The maths behind all this isn’t the first focus. Simply bear in mind that once we enhance the variety of iterations, the run-time of the answer rises markedly.
import numpy as np
import numexpr as ne
import time
import matplotlib.pyplot as plt
# Outline the fixed pi explicitly
pi = np.pi
# Generate a time vector and a sq. wave sign
t = np.linspace(0, 1, 1000000) # Lowered dimension for higher visualization
sign = np.signal(np.sin(2 * np.pi * 5 * t))
# Variety of phrases within the Fourier collection
n_terms = 10000
# Fourier collection approximation utilizing NumPy
start_time = time.time()
approx_np = np.zeros_like(t)
for n in vary(1, n_terms + 1, 2):
approx_np += (4 / (np.pi * n)) * np.sin(2 * np.pi * n * 5 * t)
numpy_time = time.time() - start_time
# Fourier collection approximation utilizing NumExpr
start_time = time.time()
approx_ne = np.zeros_like(t)
for n in vary(1, n_terms + 1, 2):
approx_ne = ne.consider("approx_ne + (4 / (pi * n)) * sin(2 * pi * n * 5 * t)", local_dict={"pi": pi, "n": n, "approx_ne": approx_ne, "t": t})
numexpr_time = time.time() - start_time
print(f"NumPy Fourier collection time: {numpy_time:.6f} seconds")
print(f"NumExpr Fourier collection time: {numexpr_time:.6f} seconds")
# Plotting the outcomes
plt.determine(figsize=(10, 6))
plt.plot(t, sign, label='Authentic Sign (Sq.

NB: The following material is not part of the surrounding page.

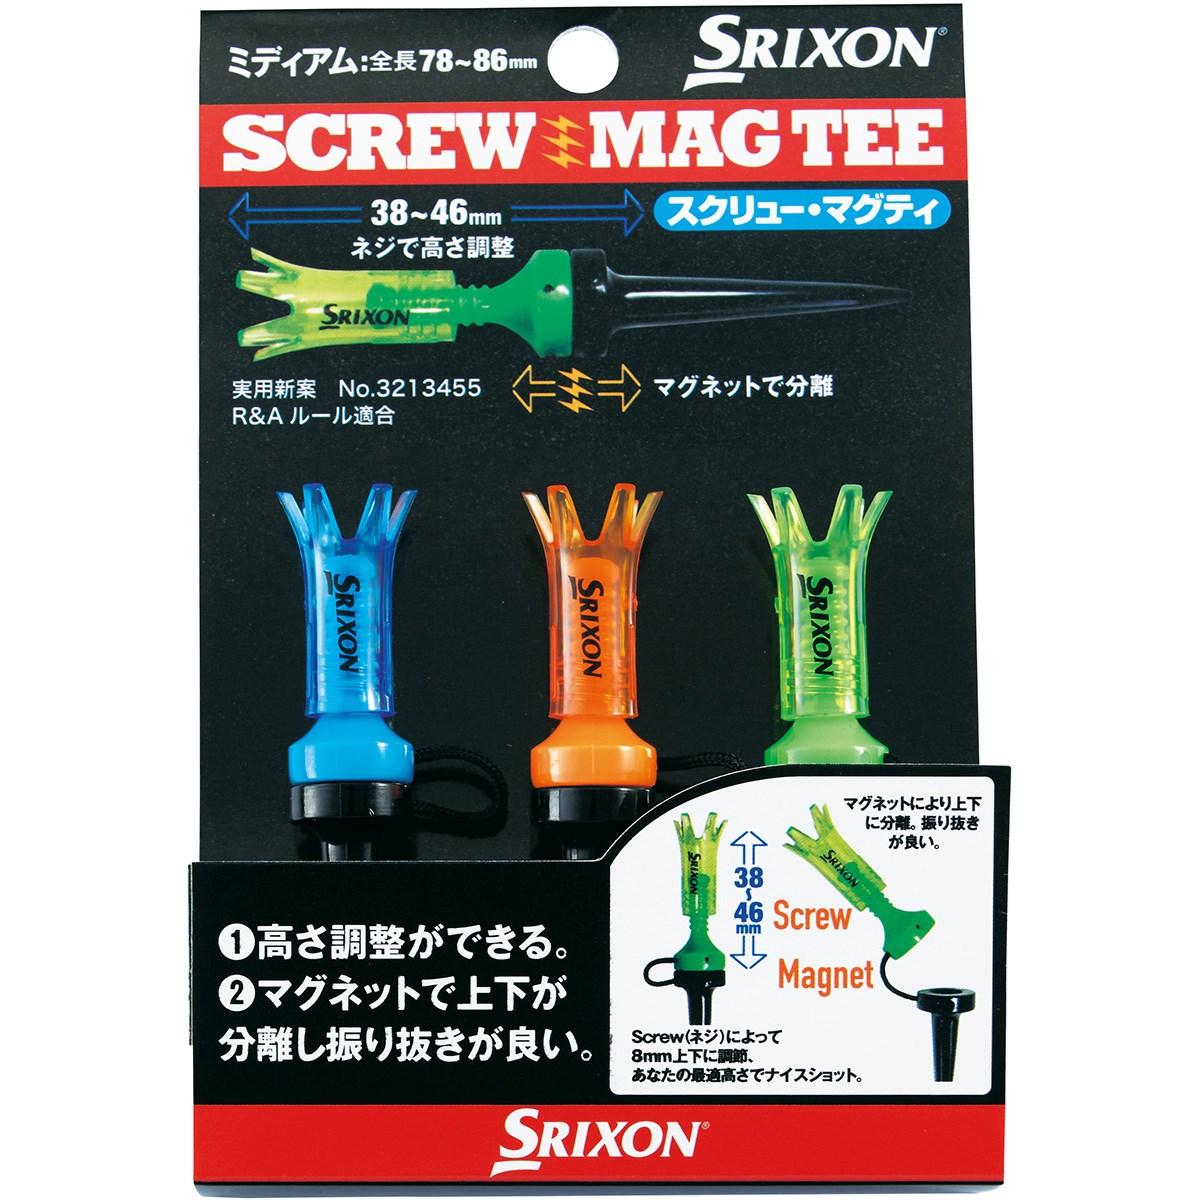 ダンロップ SRIXON スリクソン・スクリューマグティ(ミディアム) ブルー/オレンジ/グリーン

Wave)', colour='black', linestyle='--')
plt.plot(t, approx_np, label='Fourier Approximation (NumPy)', colour='blue')
plt.plot(t, approx_ne, label='Fourier Approximation (NumExpr)', colour='crimson', linestyle='dotted')
plt.title('Fourier Collection Approximation of a Sq. Wave')
plt.xlabel('Time')
plt.ylabel('Amplitude')
plt.legend()
plt.grid(True)
plt.present()
And the output?

That’s one other fairly good outcome. NumExpr exhibits a 5 instances enchancment over Numpy on this event.
Abstract
NumPy and NumExpr are each highly effective libraries used for Python numerical computations. They every have distinctive strengths and use instances, making them appropriate for various kinds of duties. Right here, we in contrast their efficiency and suitability for particular computational duties, specializing in examples resembling easy array addition to extra advanced functions, like utilizing a Sobel filter for picture edge detection.
Whereas I didn’t fairly see the claimed 15x velocity enhance over NumPy in my assessments, there’s little doubt that NumExpr may be considerably quicker than NumPy in lots of instances.
In the event you’re a heavy consumer of NumPy and must extract each little bit of efficiency out of your code, I like to recommend attempting the NumExpr library. Moreover the truth that not all NumPy code may be replicated utilizing NumExpr, there’s virtually no draw back, and the upside would possibly shock you.
For extra particulars on the NumExpr library, try the GitHub web page right here.